NBFC Sector Update : 3QFY26 results preview: Selective growth by InCred Equities
* Overall volumes remain mixed amid festive cheer and risk aversion. We will monitor the commentary on changes in demand trends.
* NIM to improve qoq for most NBFCs. Credit costs to remain largely flat sequentially, with a positive bias for vehicle financiers & some pain for SMEs.
* We reiterate Bajaj Finance (ADD, TP: Rs1,250) as our high-conviction pick & believe that affordable housing finance companies are lucrative bets.
Selective disbursements amid festive cheer and risk aversion
Overall demand remained healthy sequentially, though disbursements were selective. We saw strong growth in vehicle finance segment, driven by favorable policy actions (repo rate cuts and Goods and Services Tax or GST rationalisation) and festive-season demand resulting in a reduction in vehicle prices. In contrast, disbursements in unsecured products, particularly personal loans, remain robust. However, we expect subdued disbursements in affordable housing, loan against property (LAP) and SME segments as lenders adopt tighter underwriting standards to focus on high-quality customers. We expect AUM growth of 13-19% yoy for vehicle financiers, 16-25% yoy for affordable housing lenders, and 20- 44% yoy for other financiers (ex-microfinance) in our coverage universe. We await management commentary on sustainability of the recent growth trajectory.
Margins supported by gradual rate transmission
We expect NIM to expand by 5-10bp qoq, as the transmission of recent rate cuts gradually flows through. This is aided by predominantly fixed-rate nature of NBFC loan portfolios, including secured finance, unsecured personal loans, SME/MSME loans, & credit cards, which helps to protect asset yields in the near term. Accordingly, we expect Bajaj Finance (BAF), Shriram Finance (SFL), and Mahindra & Mahindra Financial Services (MMFS) to report sequential NIM expansion.
Asset quality improving amid selective stress
We expect asset quality to be sequentially in line with the previous quarter, though with a selective positive bias for vehicle financiers due to strong recovery in vehicle demand and affordable housing finance on the back of tight underwriting practices and a shift towards higher-ticket loans. We expect continued SME stress to inch up credit costs for Bajaj Finance (BAF) and await management commentary on the same. SBI Cards is expected to show some easing in credit costs, given tighter underwriting norms and a higher churn.

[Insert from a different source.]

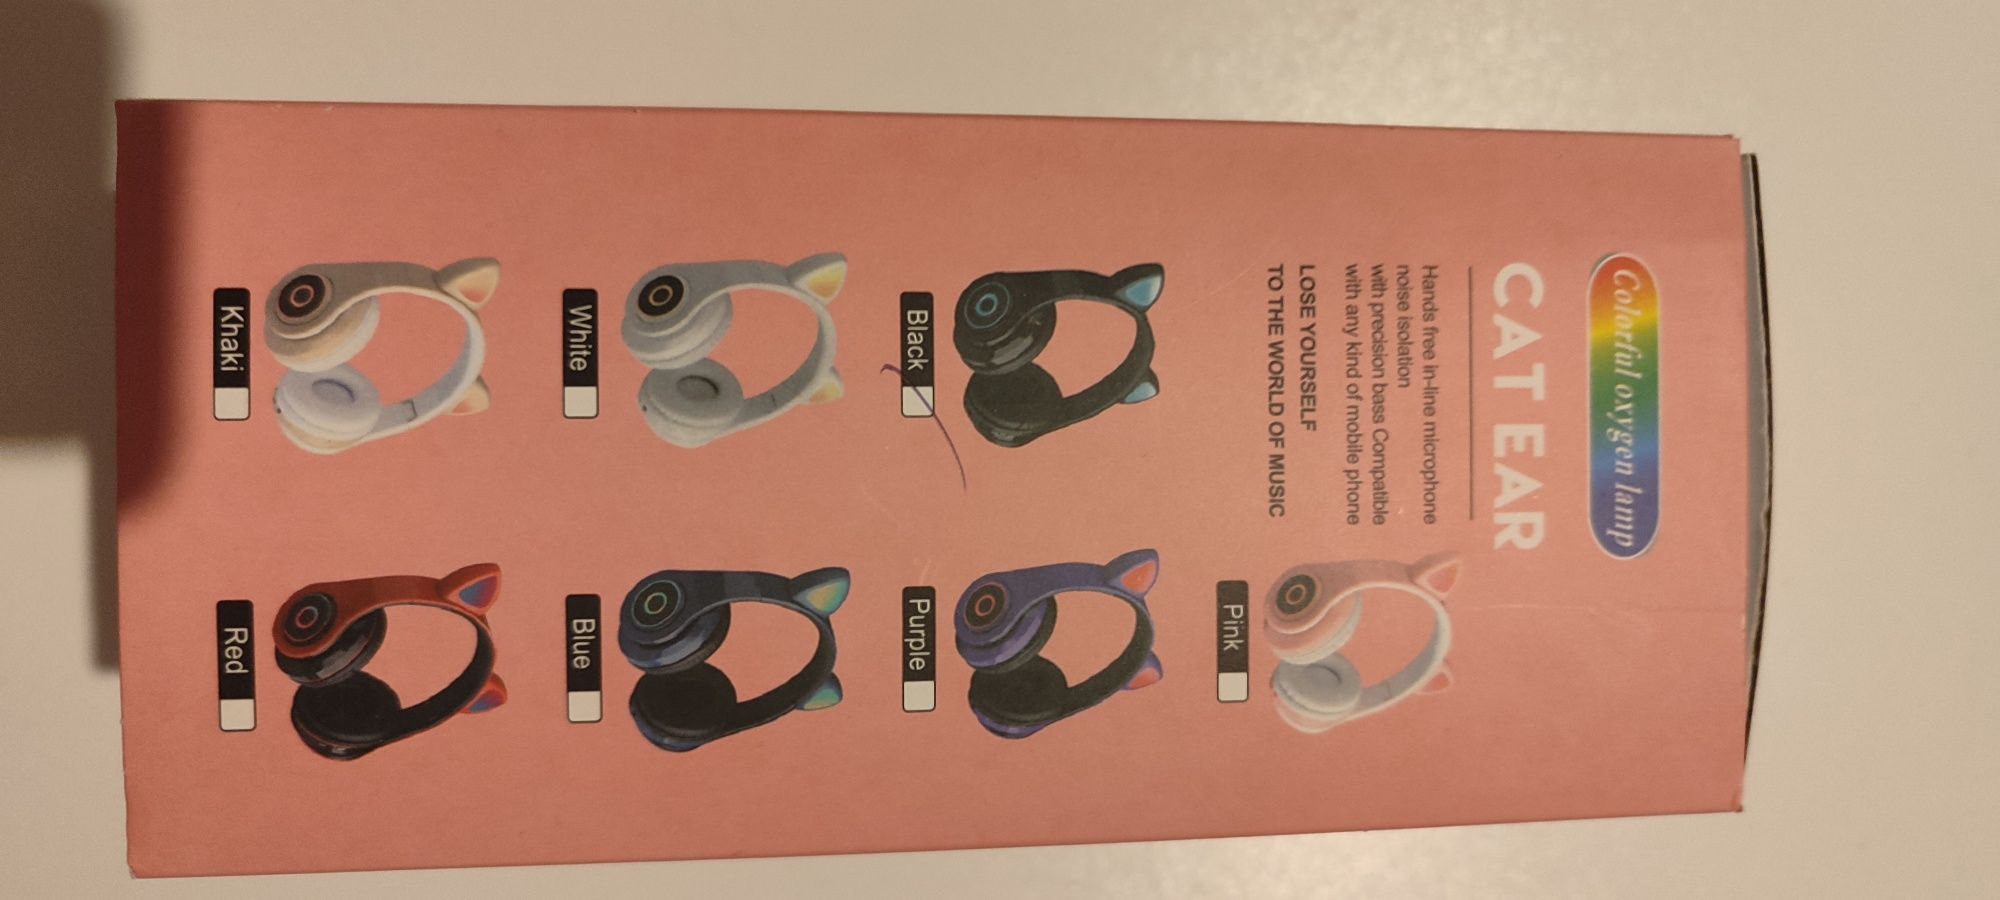 Bezprzewodowe nauszne słuchawki kocie bluetooth czarne led

MFI: Gradual recovery with easing backlog of stressed assets
We expect most microfinance lenders to report a qoq revival in disbursements. Collections are likely to improve, aided by better macroeconomic conditions. In our coverage universe, we expect Spandana Sphoorty Financial (SSFL) to report yet another loss on account of the sale of stressed assets worth Rs 4.9bn, though we expect disbursements to gradually pick up pace in coming quarters.
Outlook and valuation
We remain positive on affordable housing finance companies as we believe that growth will take off again on the back of strong demand, as highlighted in our recent report - Affordable Housing Finance: A sweet spot - once credit costs normalise. We believe that valuations remain compelling in the case of both Aavas Financiers (ADD, Rs2,100) and Home First Finance Company (ADD, Rs 1,400). BAF (ADD, Rs1,250) continues to be resilient in new customer onboarding, adding dry powder to its cross-sell franchise, and believe that the slowdown in AUM growth is transitory although we await management commentary on the same. We remain positive on Shriram Finance (ADD, Rs1,200) amid the strategic investment. We also like MMFS (ADD, Rs450) & UGRO Capital (ADD, Rs260) due to favourable risk-reward ratio. We retain HOLD rating on Cholamandalam Investment Finance Co. (Rs1,850) amid a selective slowdown in its new products, and SSFL (Rs280) for the looming uncertainty. We retain REDUCE rating on SBI Cards (Rs700) as we believe that most positives have been priced in.